Town in the Peruvian Amazon

Nauta is a town in the northeastern part of Loreto Province in the Peruvian Amazon, roughly 100 km south of Iquitos, the provincial capital. Nauta is located on the north bank of the Marañón River, a major tributary of the Upper Amazon, a few miles from the confluence of the Río Ucayali.

Established by Manuel Pacaya–Samiria, a leader of the Kokama people, following the 1830 uprising at the Jesuit mission of Lagunas, Nauta soon became the primary commercial hub of the Peruvian selva baja (known also as Omagua, or the Amazonian lowlands). In 1853, a Brazilian-owned paddle steamer made it all the way to Nauta.

Nauta is the primary destination of the only major road leading out of Iquitos, and is a staging area for several ecotourism lodges and ships on the Marañòn River.

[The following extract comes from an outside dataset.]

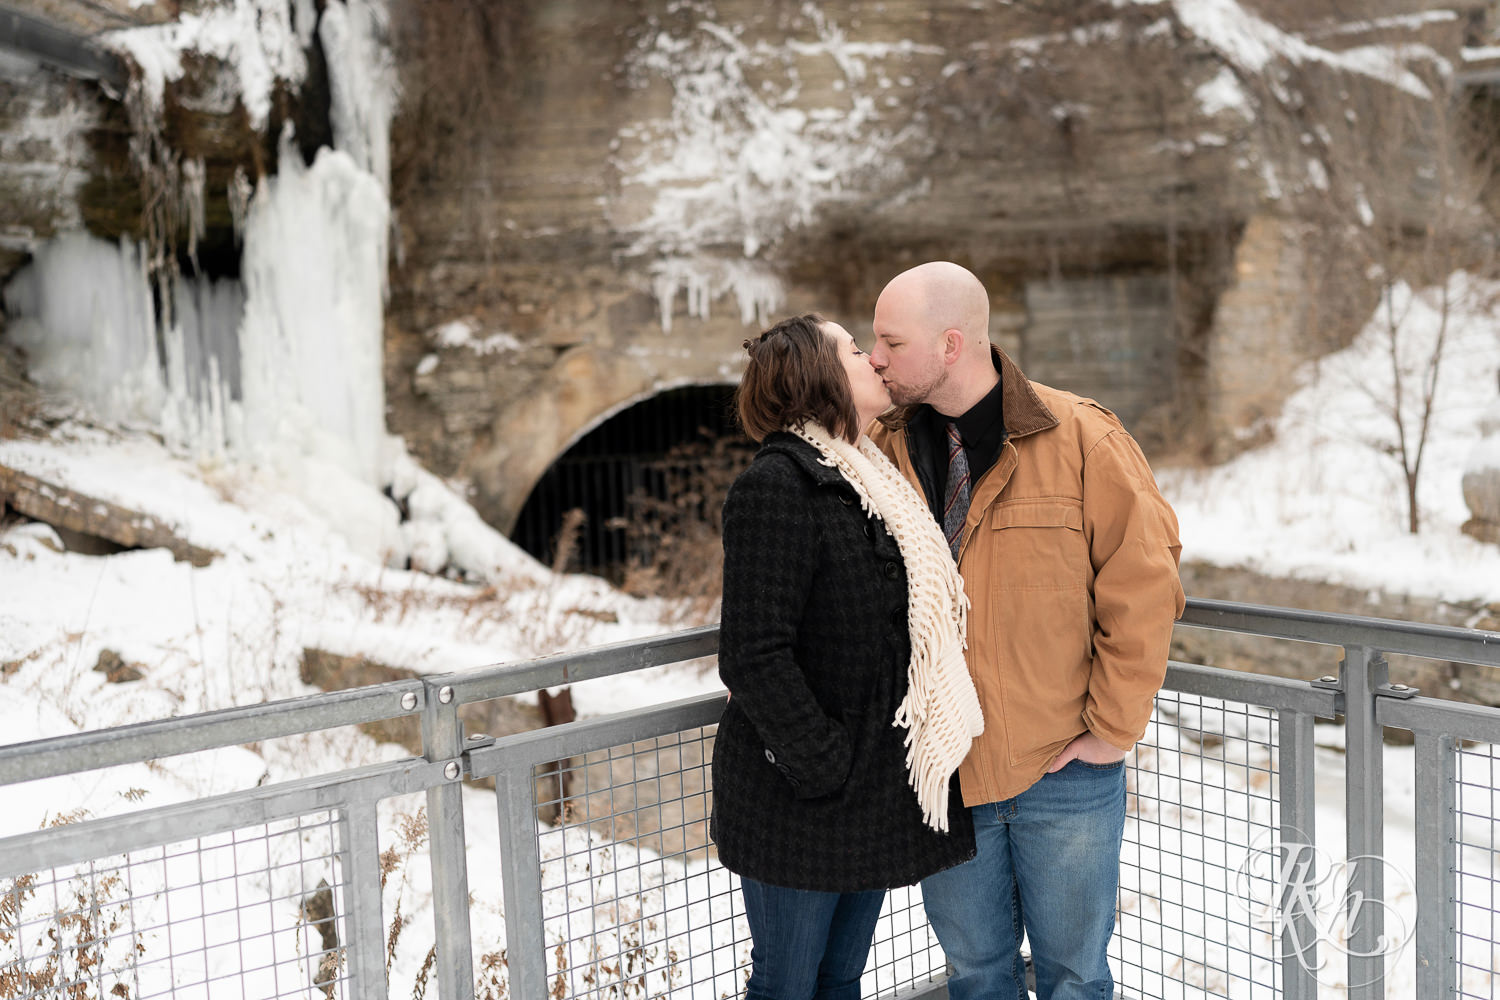 Man and woman kissing in front of frozen waterfall in snow at Mill City Ruins in Minneapolis, Minnesota.
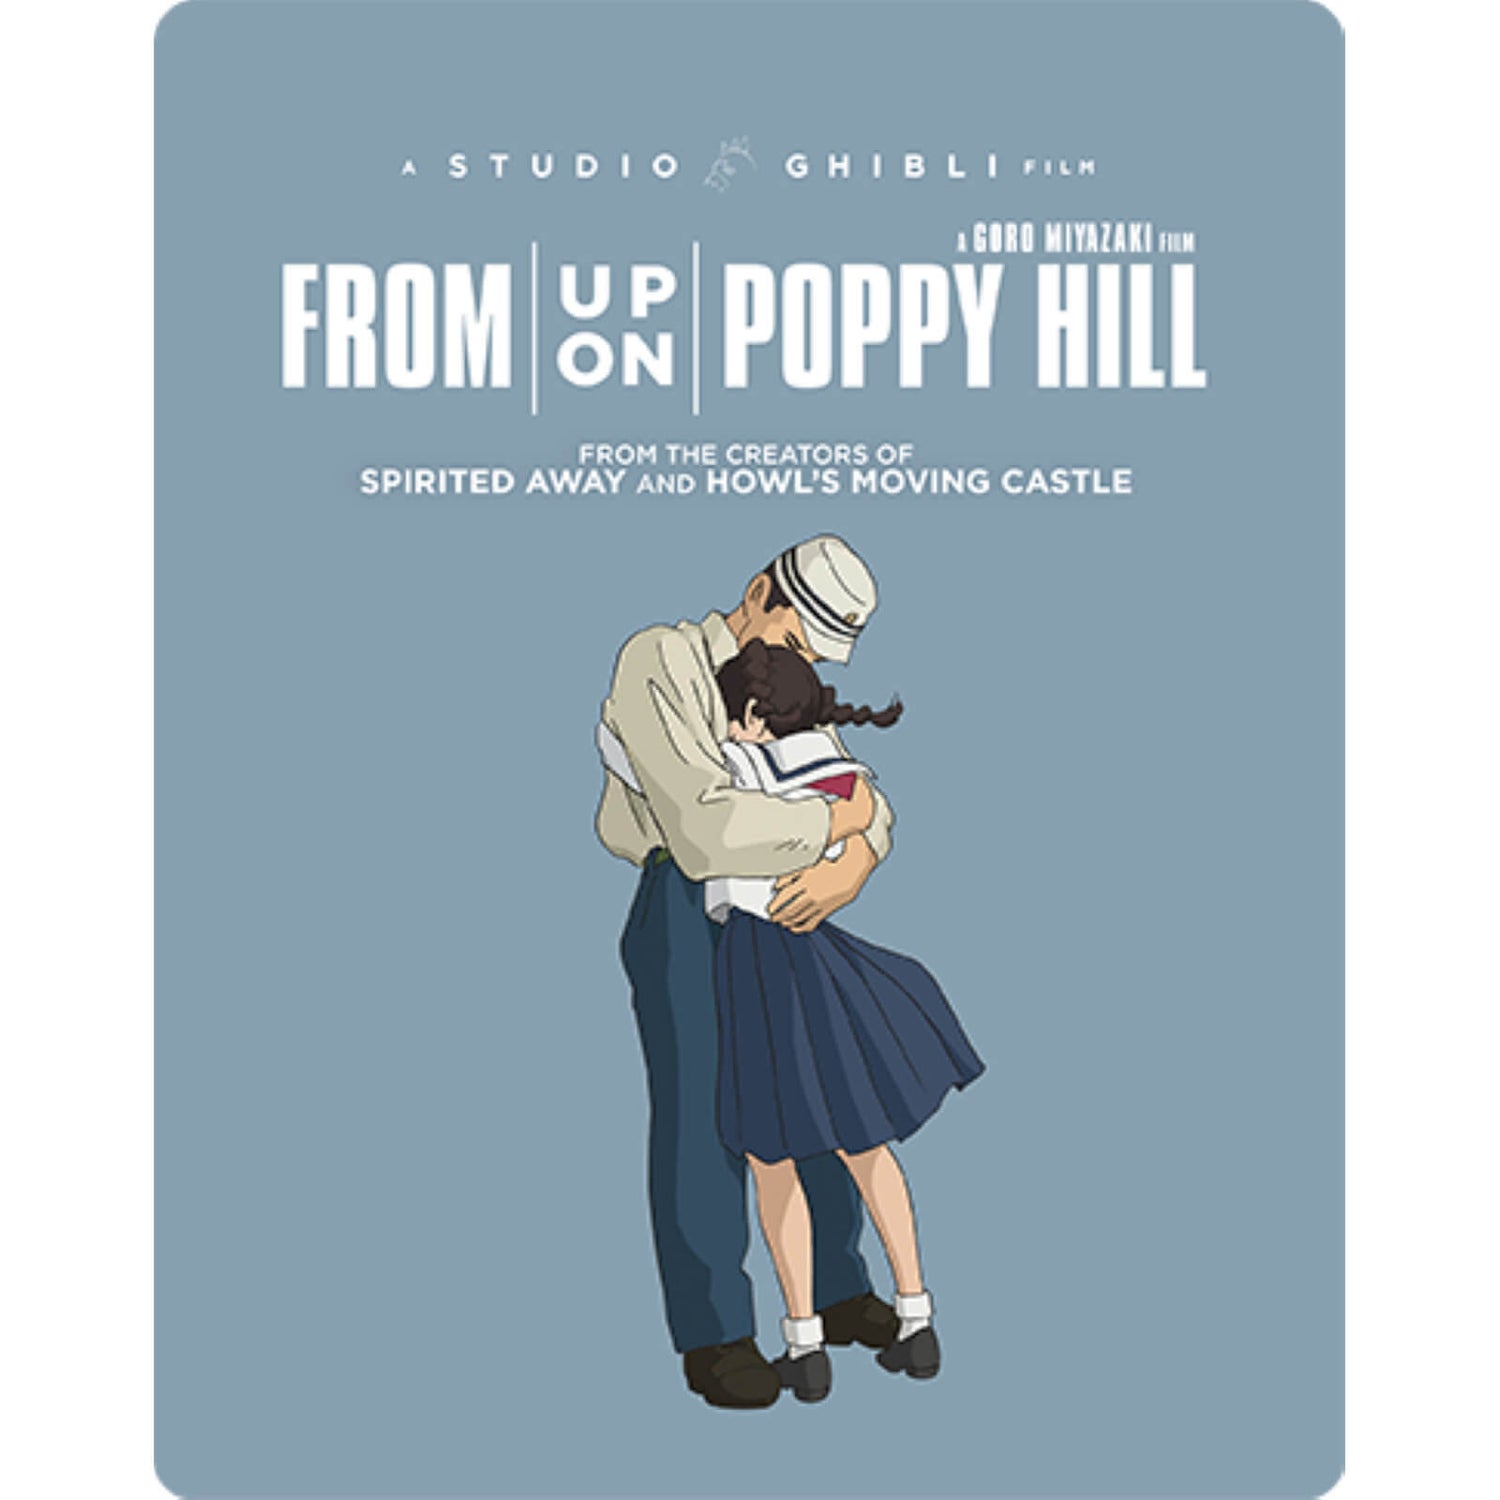 From Up on Poppy Hill - Steelbook (Includes DVD)

Boats take passengers from Nauta to the Pacaya-Samiria National Reserve.

== History ==
Towards the end of the second decade of the 19th century, Chief Manuel Pacaya, leader of a group of Cocama natives in the town of La Laguna (now Lagunas, on the Huallaga River), frustrated and tired of the mistreatment they received from authorities, along with his group, constructed a raft. They abandoned the said town and headed to the Ucayali River. After many days of navigation, they anchored and camped on the banks of the Marañón River near its confluence with the Ucayali River. While clearing the area where they would camp, they found an abandoned large jar that, due to its size, was called "MAUTA" in their native language, giving rise to the name of the place. Since they liked the location, they decided to settle there. They approached Mr. Damián Najar, Subprefect of Maynas based in Moyobamba, to request authorization to establish a town there. During this process, the name "MAUTA" was changed to "NAUTA," which means sailor or navigator.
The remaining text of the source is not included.